## Work item
What you return should match the material below line for line, except that no image appears in it.

Start of Stored data

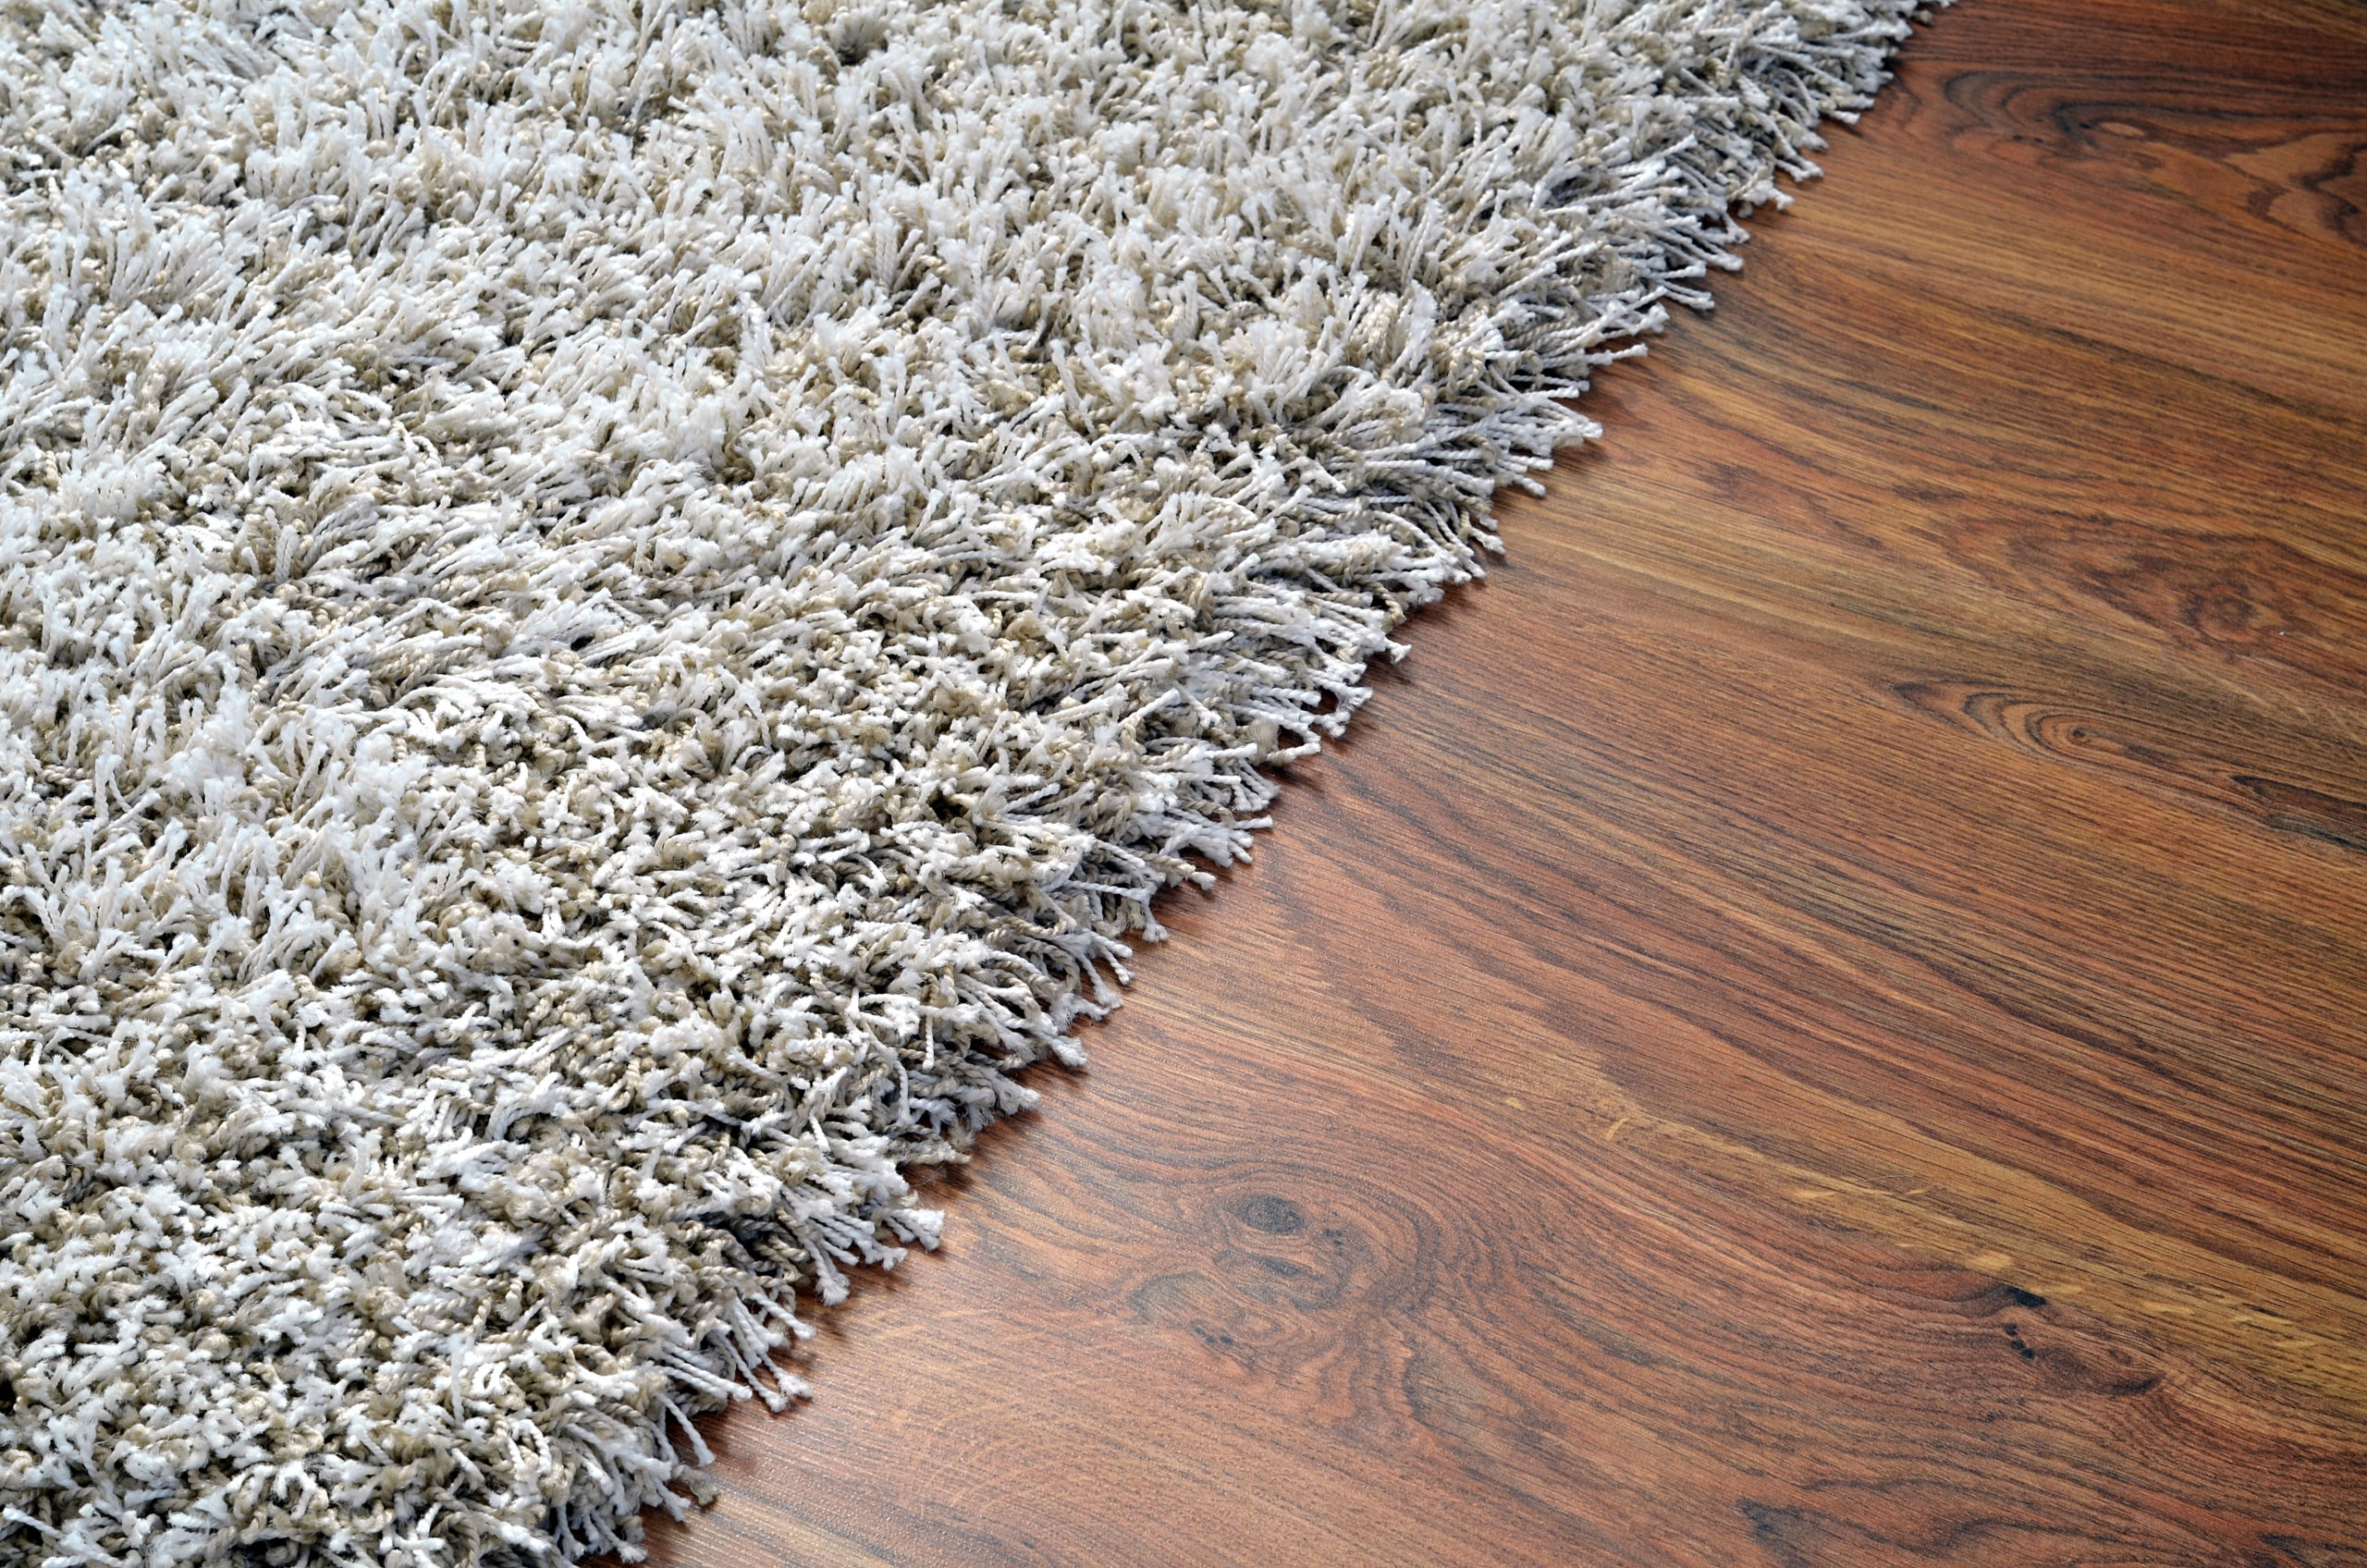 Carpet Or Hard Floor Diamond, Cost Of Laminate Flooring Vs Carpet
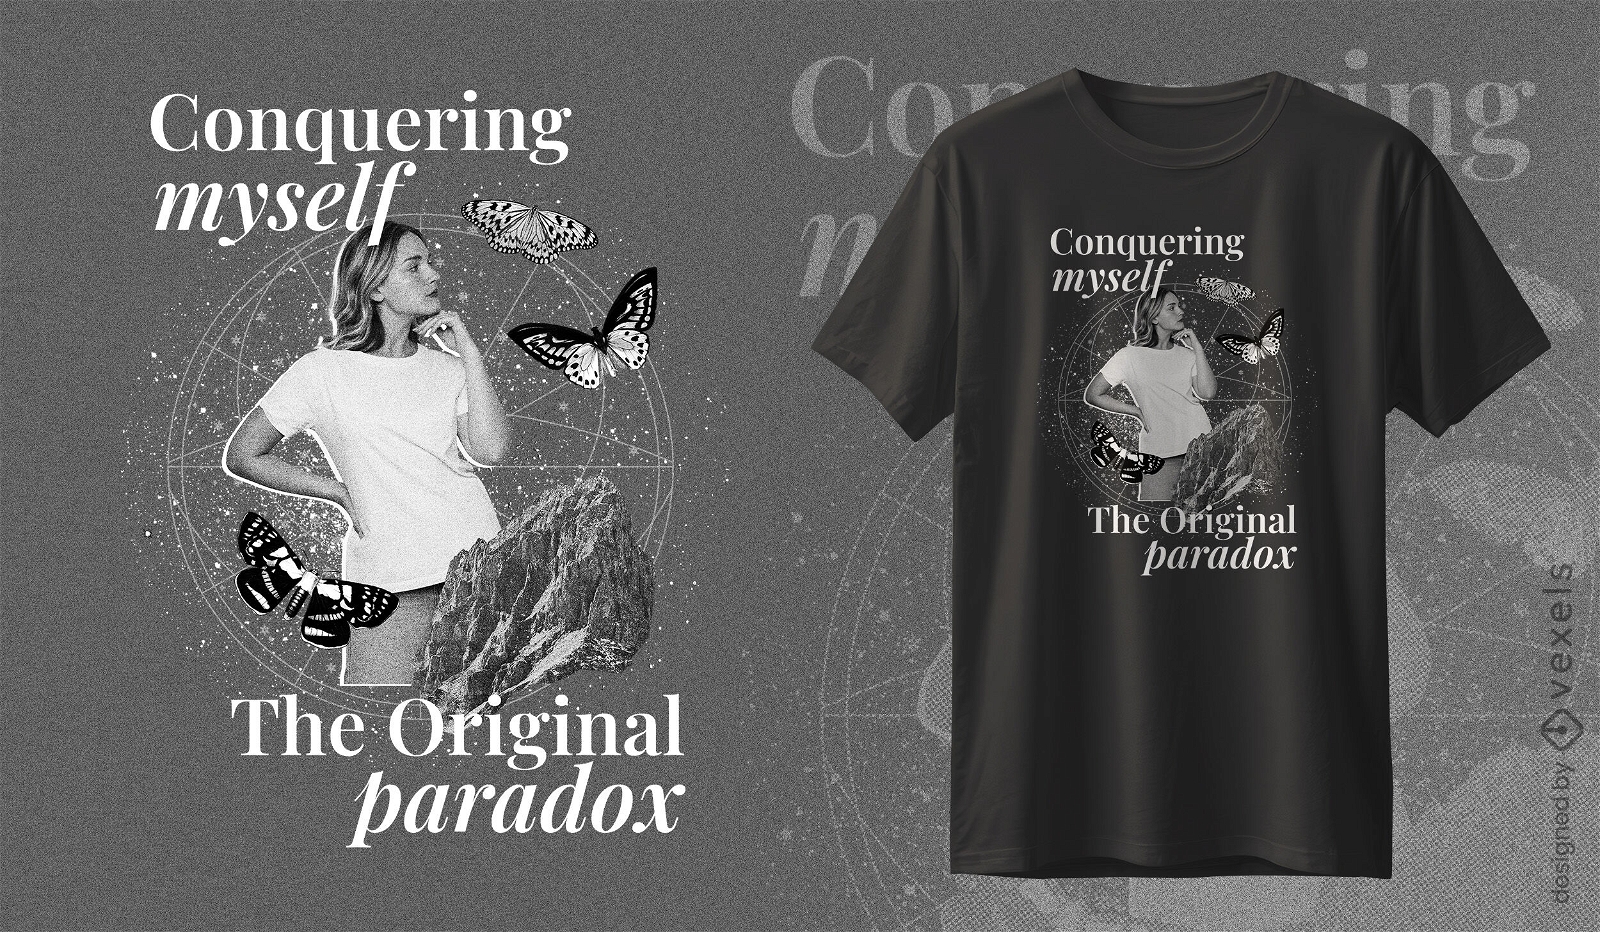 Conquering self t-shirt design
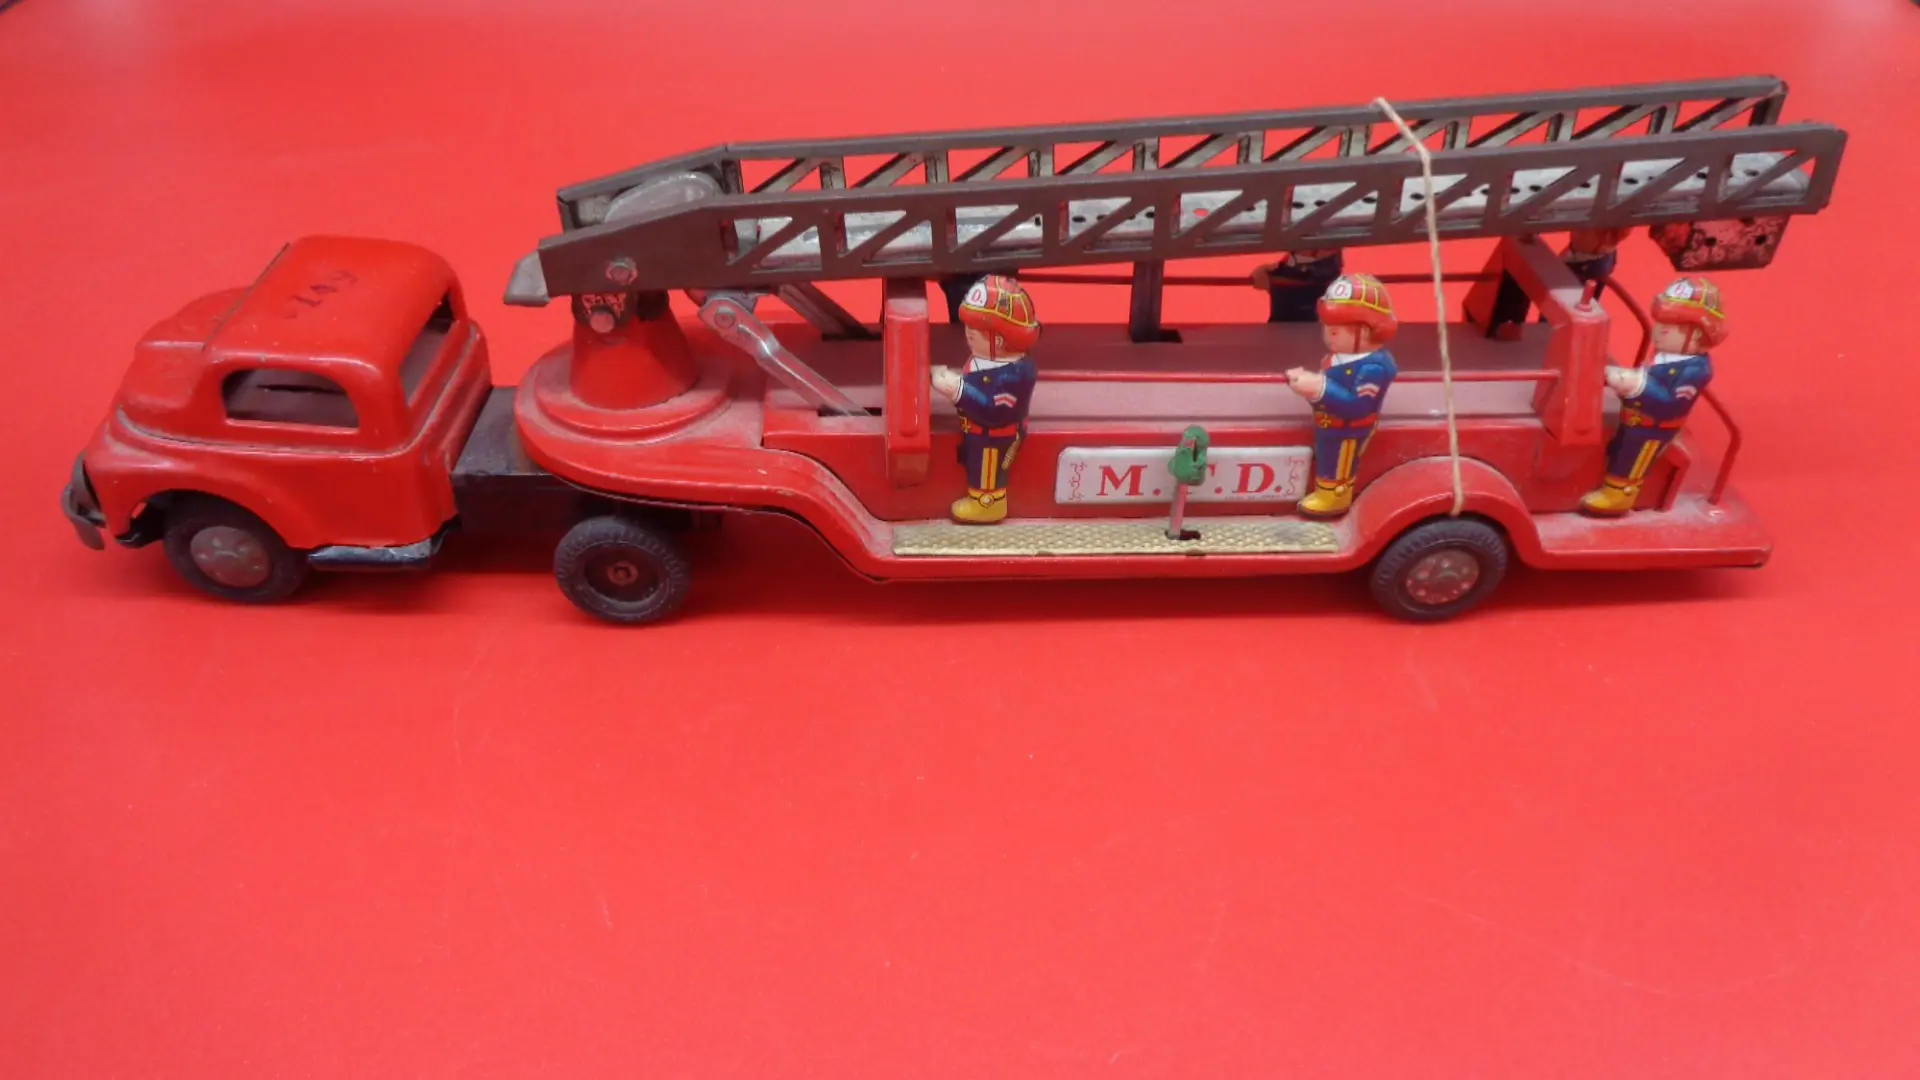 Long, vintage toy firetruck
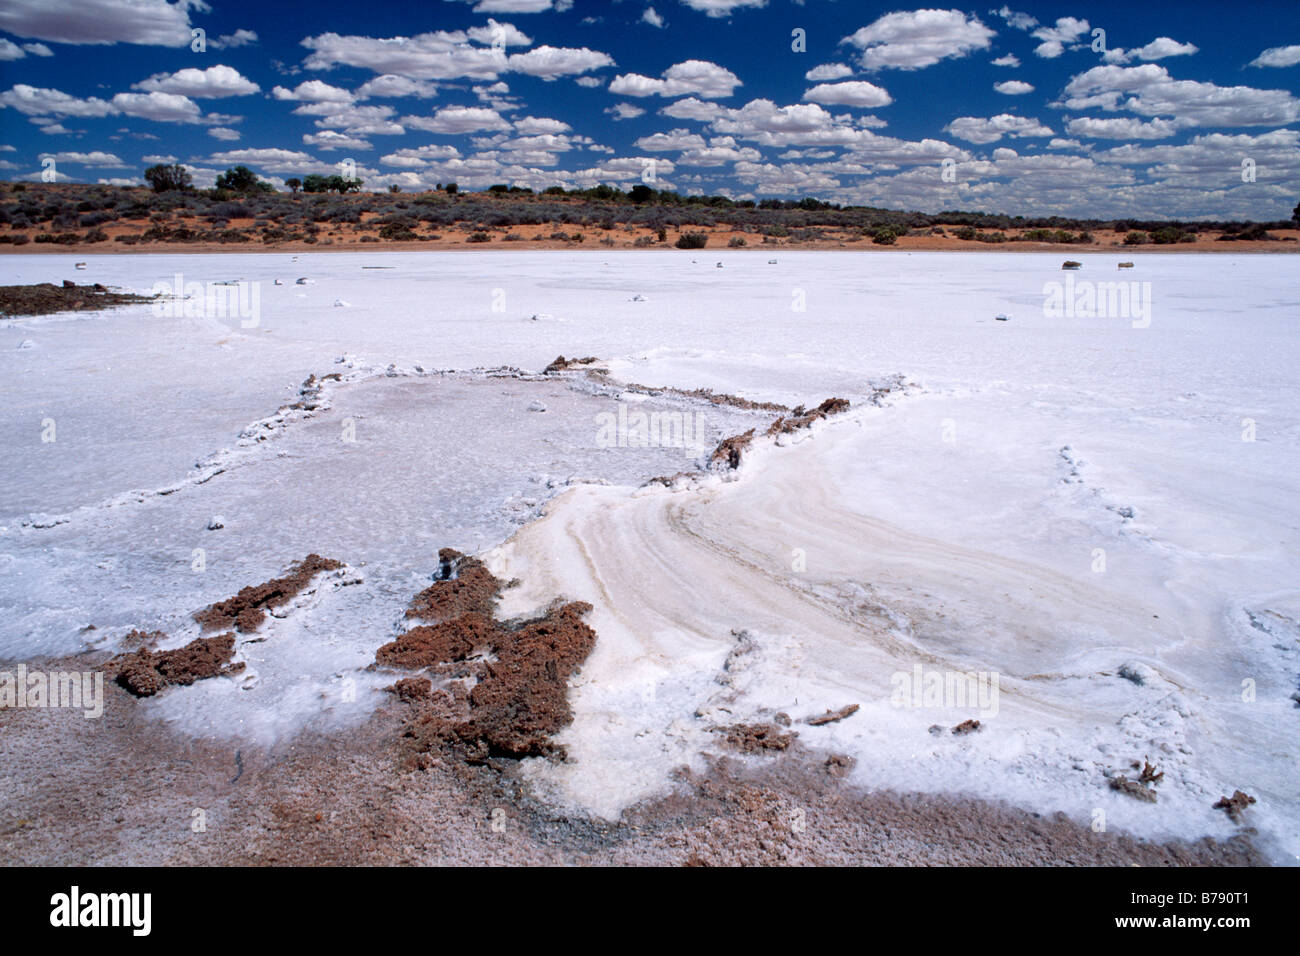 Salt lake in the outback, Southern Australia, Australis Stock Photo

End of Stored data

## Written answer
 Carpet Or Hard Floor Diamond, Cost Of Laminate Flooring Vs Carpet
 Conquering self t-shirt design
 Long, vintage toy firetruck
 Salt lake in the outback, Southern Australia, Australis Stock Photo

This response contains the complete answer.